Thanks for your inputs and feedback. This is super valuable for us. Questions about SMT-ABC
The name SMT-ABC indicates that this model is specifically designed for ABC-notation. While it could potentially be adapted for MIDI data, this does not align with the purpose of our paper. Our focus is on ABC-notation and how to fully leverage it within large models. SMT-ABC has already demonstrated its ability to outperform models trained on the original ABC data, showcasing its effectiveness. We believe SMT-ABC could also be beneficial for enhancing models like GPT-4 and MMT. However, MMT does not release their training pipeline, and GPT-4 is not suitable for direct training or fine-tuning, as it is a closed-form model. Due to these limitations, we are unable to conduct further experiments in this regard.
Scaling law
We appreciate the reviewer’s feedback and clarify that SMS Law is essential for symbolic music LLMs:
Data-Constrained Setting for Music Domains: Music modeling often faces dataset sparsity, where existing laws like the Data-Constrained Law (NeurIPS2023 best paper) fail on prediction.

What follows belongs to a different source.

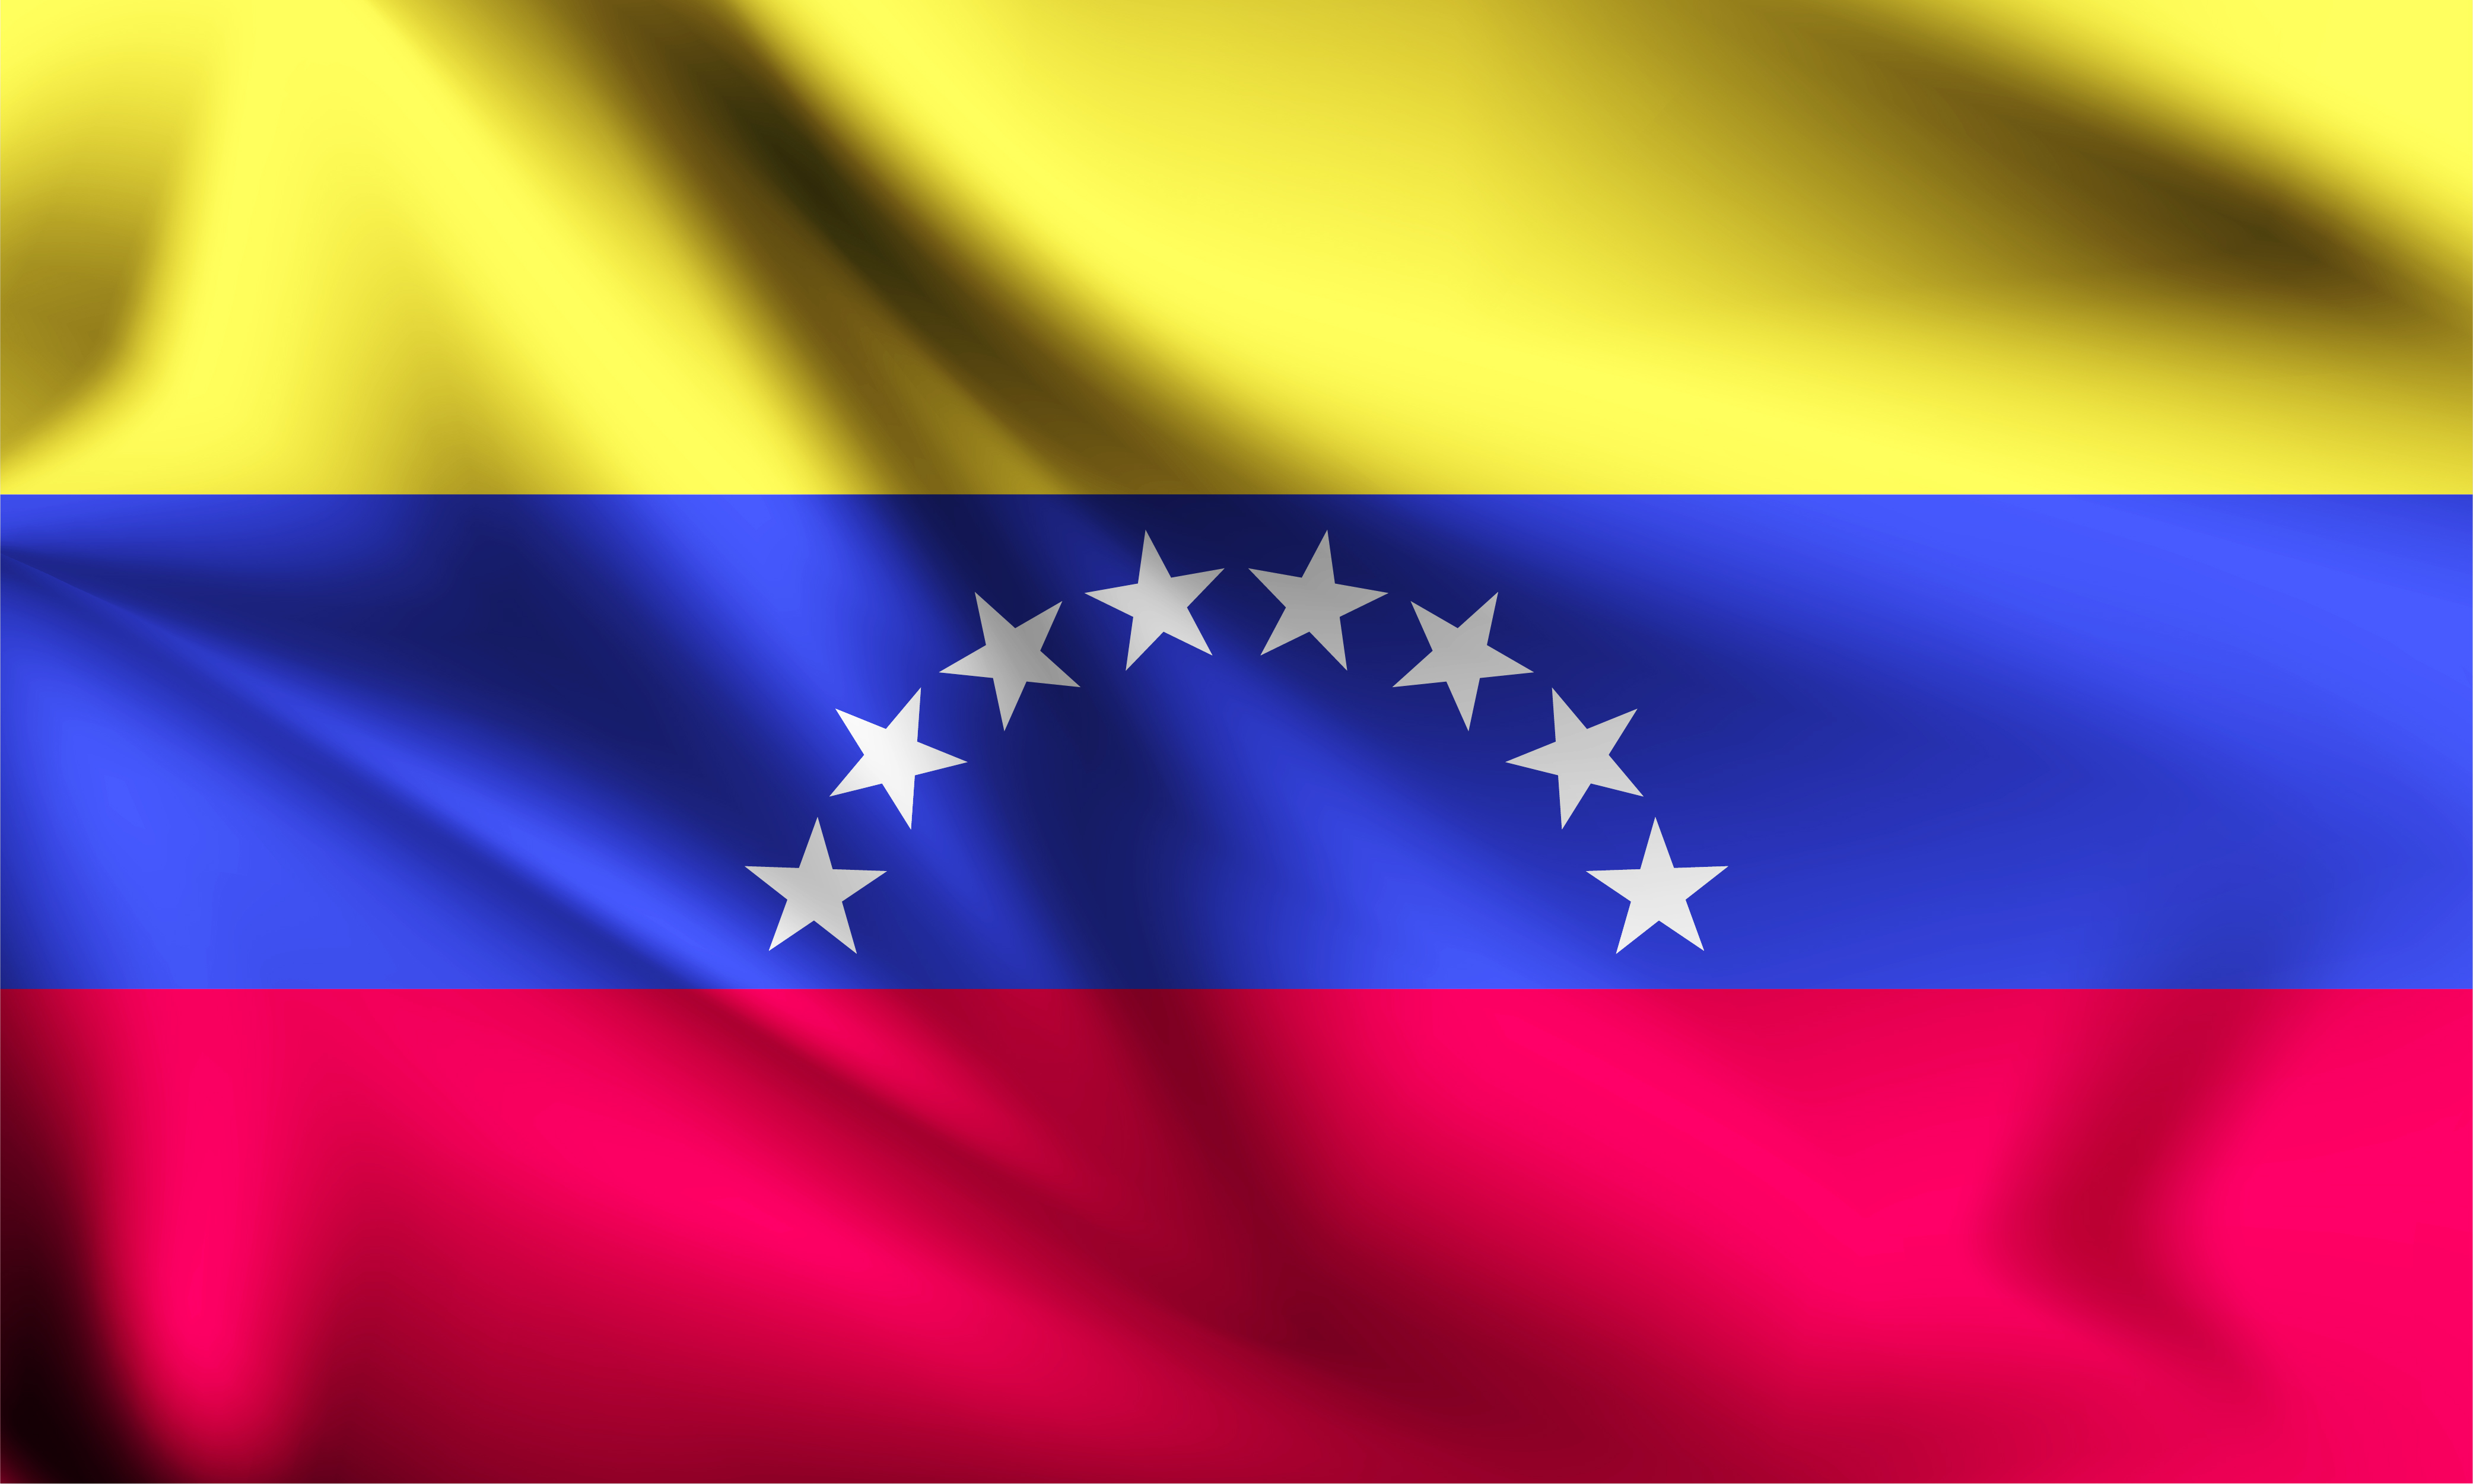 Bandera de colombia y venezuela

Symbolic Music Scaling (SMS) Law incorporates a novel "overfitting" term tailored for symbolic music and other data-constrained domains, achieving superior predictive accuracy in such scenarios.
Scaling Insights: SMS Law predicts that models beyond 2B parameters may not yield better results due to dataset constraints. Our experiments confirm this, with the 2B model outperforming the 4B model, optimizing efficiency and quality for developping symbolic music LLMs.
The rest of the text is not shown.